In this study, we compared the transcriptomes between AtPAP1-overexpressing S. miltiorrhiza and the WT. Transcriptome analysis demonstrated that a novel bHLH TF, SmbHLH51, is activated by AtPAP1 in S. miltiorrhiza. Usually the bHLH genes are positively regulated by R2R3-MYB TF (Baudry et al., 2006; Bai et al., 2011; Montefiori et al., 2015). Based on previous reports, we propose that bHLHs, which is activated by AtPAP1 and can interact with AtPAP1 in S. miltiorrhiza, is potentially involved in the regulation of phenolic acids biosynthesis. The results from our RT-qPCR, Y1H and Agrobacterium-mediated transient expression in tobacco indicated that AtPAP1 positively regulates SmbHLH51 by directly binding to the MBSII element of promoter region (Figure 3). Therefore, the latter gene is functionally identified as a positive regulator of phenolic acid biosynthesis. In addition to its direct transcriptional regulation activities, AtPAP1 interacts with SmbHLH51 and functions as a protein complex to promote the accumulation of phenolics.

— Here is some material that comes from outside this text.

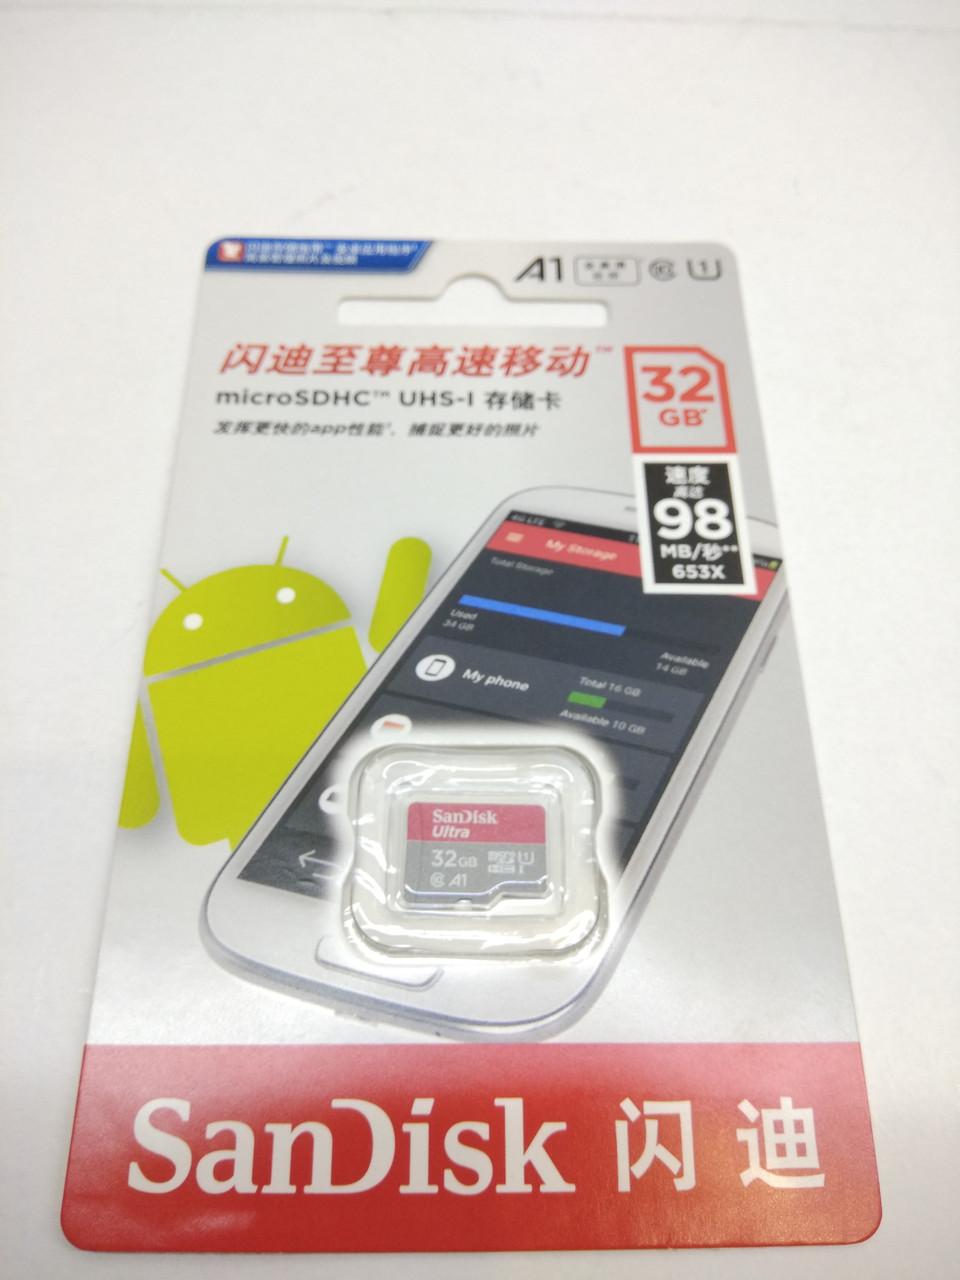 Карта памяті SanDisk Ultra A1 microSDHC UHS-I 32GB Class 10
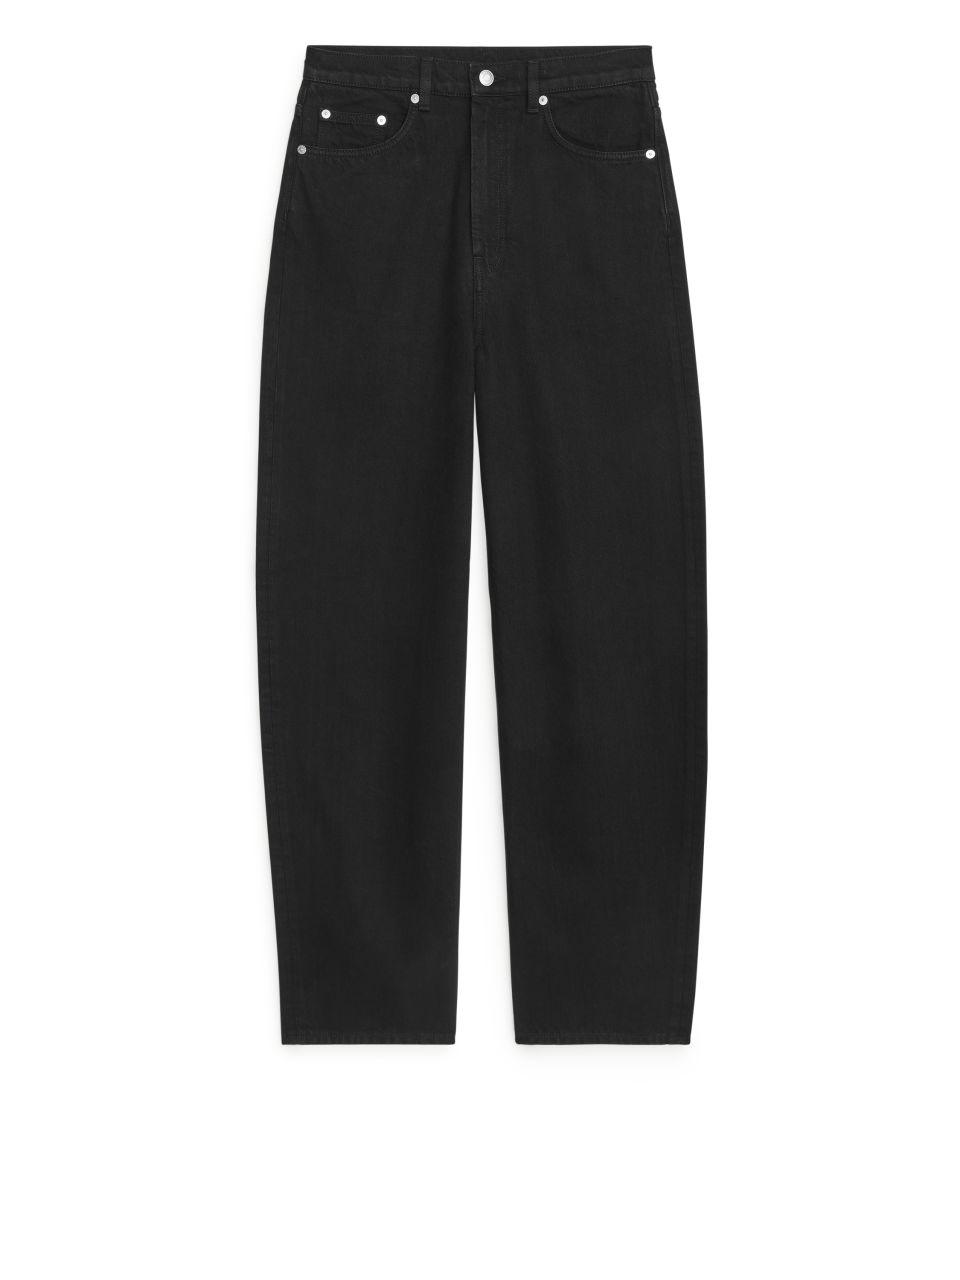 BARREL LEG Jeans - Black

The Integrated Strategy Reveals That SmbHLH51 Is a Putative Regulator of Phenolics Accumulations in S. miltiorrhiza
We employed this integrated approach to identify regulatory factors that influence phenolics accumulations because that process has been poorly understood in S. miltiorrhiza. The bHLH proteins, comprising one of the largest TF families, regulate various physiological or morphological events, including those in different branches of the flavonoid pathway (Hichri et al., 2011). The bHLHs Booster1 (B) and Red1 (R), which control the anthocyanin biosynthesis pathway in seeds, were first found in Zea mays (Chandler and Turks, 1989). Since then, several other bHLH proteins regulating the flavonoid pathway have been identified, including Delila (DEL) in Antirrhinum majus (Martin et al., 1991); MYC-RP in P. frutescens (Gong et al., 1999); AN1 and JAF13 in Petunia hybrid (Quattrocchio et al., 1998; Spelt et al., 2000). AtMYC-146, GLABRA3 (GL3), and TT8 in Arabidopsis (Nesi et al., 2000; Ramsay et al., 2003); and VvMYC1 and VvMYCA1 in Vitis vinifera (Hichri et al., 2010). Usually the bHLH genes are positively regulated by R2R3-MYB TF (Baudry et al., 2006; Bai et al., 2011; Montefiori et al., 2015). Based on these reports, we propose that bHLHs, which is activated by AtPAP1 and can interact with AtPAP1 in S. miltiorrhiza, is potentially involved in the regulation of phenolic acids biosynthesis.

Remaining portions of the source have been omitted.